Ecclesiastes and the end of wisdom

M.A. SHIELDS (University of Sydney)
Many readers of Ecclesiastes have contrived to discover orthodox meaning for the words of Qohelet. An examination of two such readings reveals the shortcomings of both and paves the way for an alternative understanding of the book. Close analysis of the epilogue reveals that, although partially favourable towards Qohelet himself, the epilogist is unequivocally critical of the sages as a group. It appears that the epilogist may thus have employed Qohelet's words in order to reveal the failure of the sages and warn their prospective students to adhere to the commands of God. The book of Ecclesiastes thus functions as a tract designed to discredit the wisdom movement, using the sage Qohelet's own words in order to do so.

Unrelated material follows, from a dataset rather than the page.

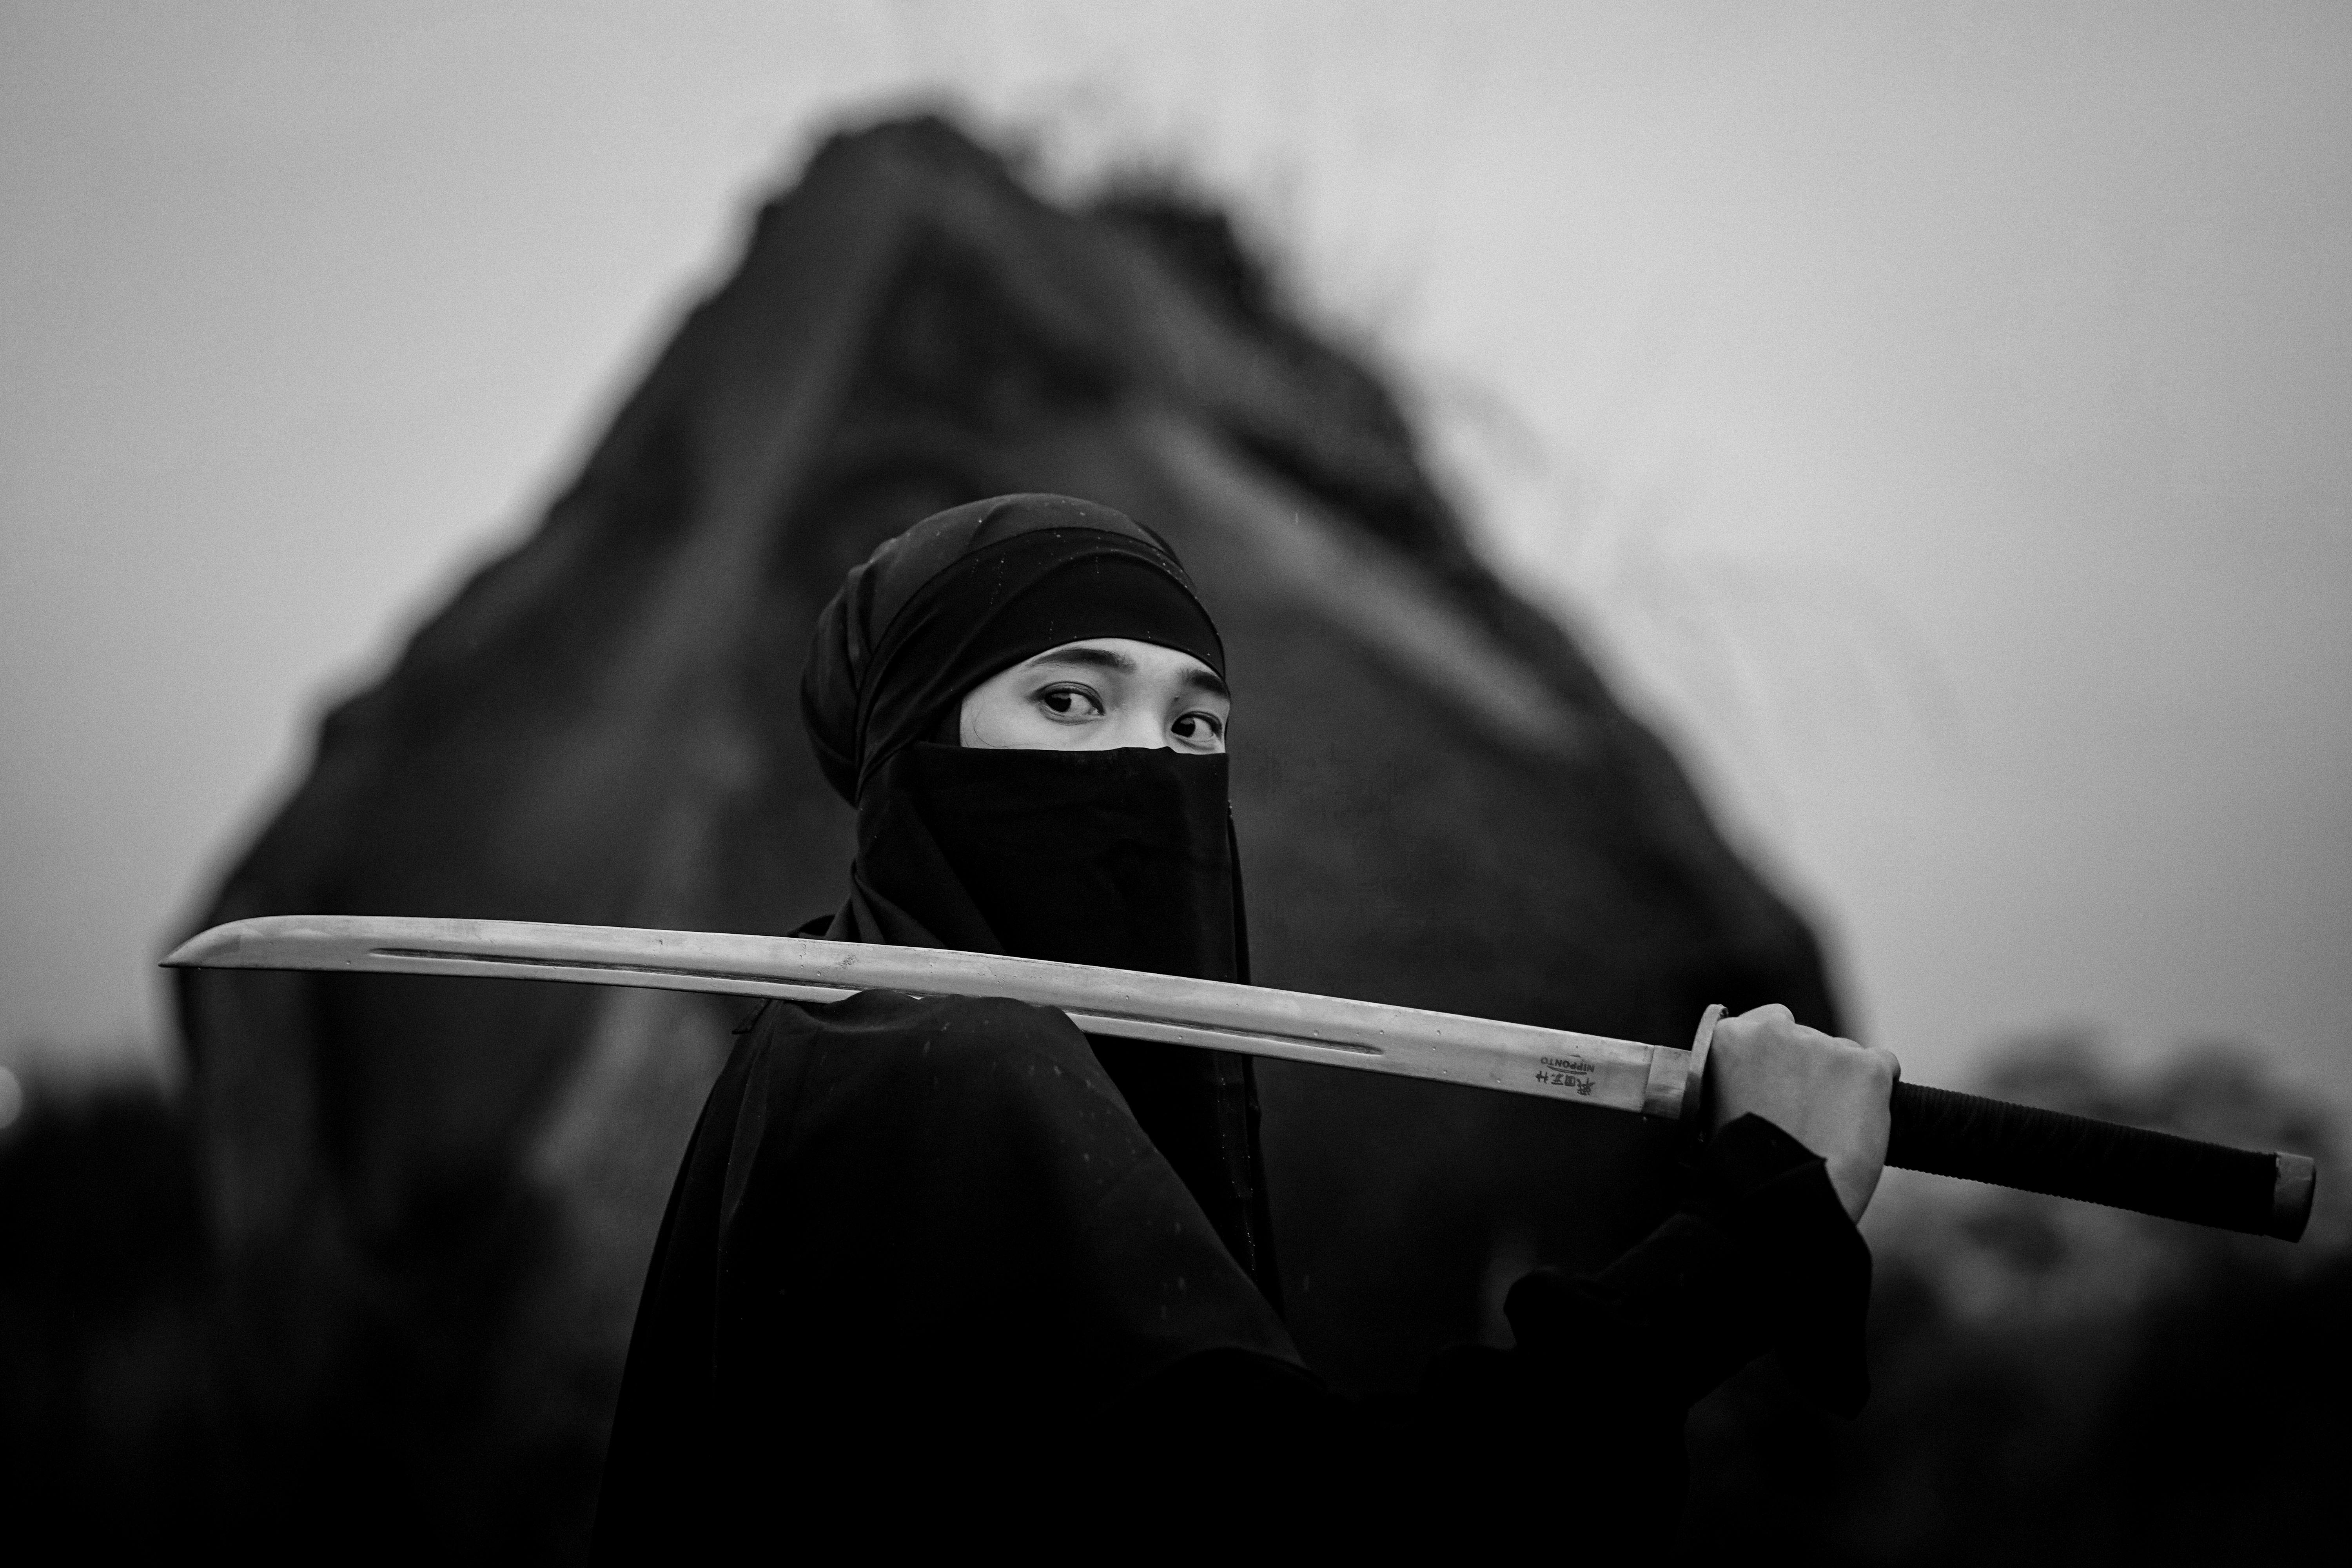 500+ Free Ninjas & Samurai Images - Pixabay

Review article: Galatians, by Philip F. Esler

M. BONNINGTON (St John's College, Durham)
Philip Esler's new contribution to the Routledge NT Readings series is one of the boldest and most comprehensive attempts to use social scientific methods to shed new light on a NT text. In his study of Galatians, Esler examines a letter that has been subject not only to much renewed theological analysis in the light of the 'new perspective on Paul' but has also be a central locus of rhetorical criticism.

New Testament pseudonymity and deception

This study provides afresh an answer to the question: 'If pseudonymous letters exist in the New Testament, what can be said about their intention and reception?' Chapter 1 provides a survey of scholarship, which shows the need for the present inquiry.
Three views currently dominate the issue: (1) they were not written to deceive their readers regarding their authorship, but nonetheless their readers were deceived; (2) they were not written to deceive their readers, and they did not in fact do so; and (3) they were written to deceive their readers and they were successful in doing so.
A fourth alternative, standing in contrast to the previous three, is that no pseudonymous works exist in the NT.

Translating the Bible

Developments in translation theory have externalised processes used intuitively by translators for centuries. The literature on Bible translation in particular over the last half century is dominated by Eugene A. Nida and his protégés in the United Bible Societies (UBS) and Wycliffe Bible Translators whose work is informed by a wealth of inter-cultural experience.
This thesis is a critique of the Dynamic Equivalence (DE) theory of translation propounded by Nida, exemplified in the Good News Bible (GNB), and promoted in non-Western languages by the UBS.